**DESCRIPTION OF THE TASK**. Go through the records below and copy out every line holding "Playmobil".

Records from a collection:

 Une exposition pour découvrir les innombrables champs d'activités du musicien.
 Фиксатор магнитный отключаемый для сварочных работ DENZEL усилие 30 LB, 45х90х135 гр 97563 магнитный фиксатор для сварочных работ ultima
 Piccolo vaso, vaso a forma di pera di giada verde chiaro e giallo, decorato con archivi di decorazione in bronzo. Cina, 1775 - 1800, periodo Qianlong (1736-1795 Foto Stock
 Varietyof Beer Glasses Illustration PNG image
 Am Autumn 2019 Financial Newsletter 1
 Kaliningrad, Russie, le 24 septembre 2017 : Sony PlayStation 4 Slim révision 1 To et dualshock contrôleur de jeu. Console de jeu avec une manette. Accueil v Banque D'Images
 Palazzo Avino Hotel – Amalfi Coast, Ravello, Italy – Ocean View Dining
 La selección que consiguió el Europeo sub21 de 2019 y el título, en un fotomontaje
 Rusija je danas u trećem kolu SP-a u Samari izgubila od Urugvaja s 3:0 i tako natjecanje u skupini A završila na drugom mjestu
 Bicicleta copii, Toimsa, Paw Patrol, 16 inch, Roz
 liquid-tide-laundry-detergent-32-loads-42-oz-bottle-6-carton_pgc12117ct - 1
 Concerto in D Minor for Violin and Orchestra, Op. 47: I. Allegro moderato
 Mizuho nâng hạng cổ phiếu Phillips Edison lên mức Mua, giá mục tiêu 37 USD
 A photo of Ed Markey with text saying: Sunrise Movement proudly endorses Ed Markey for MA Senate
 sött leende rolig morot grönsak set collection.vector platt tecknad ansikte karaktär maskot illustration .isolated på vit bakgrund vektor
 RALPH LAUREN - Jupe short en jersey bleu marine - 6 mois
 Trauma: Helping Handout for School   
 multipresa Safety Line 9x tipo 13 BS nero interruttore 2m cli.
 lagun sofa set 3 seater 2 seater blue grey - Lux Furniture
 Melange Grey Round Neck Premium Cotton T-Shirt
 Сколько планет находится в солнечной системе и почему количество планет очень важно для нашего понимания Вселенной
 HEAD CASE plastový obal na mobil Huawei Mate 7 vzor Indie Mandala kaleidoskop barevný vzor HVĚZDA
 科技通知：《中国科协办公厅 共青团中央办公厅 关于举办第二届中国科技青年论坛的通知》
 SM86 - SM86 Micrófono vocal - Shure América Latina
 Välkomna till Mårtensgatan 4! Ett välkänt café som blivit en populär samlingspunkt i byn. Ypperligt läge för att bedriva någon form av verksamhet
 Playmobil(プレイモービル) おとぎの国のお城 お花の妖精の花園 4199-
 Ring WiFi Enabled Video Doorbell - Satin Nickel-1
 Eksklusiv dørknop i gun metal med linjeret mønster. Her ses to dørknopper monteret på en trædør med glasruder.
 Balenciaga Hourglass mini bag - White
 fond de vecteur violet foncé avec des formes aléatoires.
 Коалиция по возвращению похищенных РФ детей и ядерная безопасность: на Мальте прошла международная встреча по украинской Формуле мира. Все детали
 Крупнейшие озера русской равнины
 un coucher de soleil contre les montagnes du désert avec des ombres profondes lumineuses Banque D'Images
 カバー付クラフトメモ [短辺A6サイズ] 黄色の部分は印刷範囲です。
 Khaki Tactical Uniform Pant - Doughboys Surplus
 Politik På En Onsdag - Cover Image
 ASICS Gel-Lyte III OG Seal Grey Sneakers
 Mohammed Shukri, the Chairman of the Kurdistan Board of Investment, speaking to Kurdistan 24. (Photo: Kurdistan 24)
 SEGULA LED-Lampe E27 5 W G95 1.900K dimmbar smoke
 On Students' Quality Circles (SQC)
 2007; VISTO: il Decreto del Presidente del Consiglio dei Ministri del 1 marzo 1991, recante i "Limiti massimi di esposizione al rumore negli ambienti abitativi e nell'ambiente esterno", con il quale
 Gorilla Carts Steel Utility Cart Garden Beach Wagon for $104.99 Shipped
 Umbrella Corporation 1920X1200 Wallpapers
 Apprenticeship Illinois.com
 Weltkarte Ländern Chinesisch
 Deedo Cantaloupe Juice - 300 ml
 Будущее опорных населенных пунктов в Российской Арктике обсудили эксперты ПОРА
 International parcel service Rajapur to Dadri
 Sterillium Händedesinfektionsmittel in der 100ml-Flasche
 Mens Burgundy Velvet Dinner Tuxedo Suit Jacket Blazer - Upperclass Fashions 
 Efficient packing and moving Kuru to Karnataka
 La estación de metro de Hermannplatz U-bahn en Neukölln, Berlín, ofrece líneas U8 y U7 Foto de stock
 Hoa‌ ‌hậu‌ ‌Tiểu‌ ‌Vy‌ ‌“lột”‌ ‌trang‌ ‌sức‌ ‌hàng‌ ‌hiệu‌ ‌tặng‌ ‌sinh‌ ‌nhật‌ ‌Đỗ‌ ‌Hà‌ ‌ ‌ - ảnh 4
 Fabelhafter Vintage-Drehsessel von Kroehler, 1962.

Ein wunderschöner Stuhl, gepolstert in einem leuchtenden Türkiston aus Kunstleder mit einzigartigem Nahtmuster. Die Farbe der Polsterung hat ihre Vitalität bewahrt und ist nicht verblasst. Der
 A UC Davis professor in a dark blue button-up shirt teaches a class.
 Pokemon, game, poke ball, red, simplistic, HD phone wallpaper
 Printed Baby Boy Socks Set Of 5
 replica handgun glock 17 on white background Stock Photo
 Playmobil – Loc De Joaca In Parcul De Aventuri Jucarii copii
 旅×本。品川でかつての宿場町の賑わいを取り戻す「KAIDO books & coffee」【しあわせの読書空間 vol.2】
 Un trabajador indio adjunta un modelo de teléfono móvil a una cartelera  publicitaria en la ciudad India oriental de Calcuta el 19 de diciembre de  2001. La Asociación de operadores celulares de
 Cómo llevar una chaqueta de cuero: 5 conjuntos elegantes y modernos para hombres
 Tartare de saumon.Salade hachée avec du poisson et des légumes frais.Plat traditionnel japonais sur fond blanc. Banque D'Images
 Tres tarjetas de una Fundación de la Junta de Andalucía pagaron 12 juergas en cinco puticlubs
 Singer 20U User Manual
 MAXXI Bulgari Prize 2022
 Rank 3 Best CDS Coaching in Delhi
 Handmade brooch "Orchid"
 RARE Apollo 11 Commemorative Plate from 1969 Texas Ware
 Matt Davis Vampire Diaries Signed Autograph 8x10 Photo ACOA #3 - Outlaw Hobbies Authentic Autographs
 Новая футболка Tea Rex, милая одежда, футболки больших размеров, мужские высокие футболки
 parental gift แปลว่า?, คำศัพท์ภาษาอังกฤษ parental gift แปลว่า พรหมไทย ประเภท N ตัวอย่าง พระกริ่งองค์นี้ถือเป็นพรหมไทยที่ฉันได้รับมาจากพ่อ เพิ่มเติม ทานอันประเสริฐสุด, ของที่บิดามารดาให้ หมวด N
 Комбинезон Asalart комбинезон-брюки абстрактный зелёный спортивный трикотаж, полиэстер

**TASK SOLUTION**.
 Playmobil(プレイモービル) おとぎの国のお城 お花の妖精の花園 4199-
 Playmobil – Loc De Joaca In Parcul De Aventuri Jucarii copii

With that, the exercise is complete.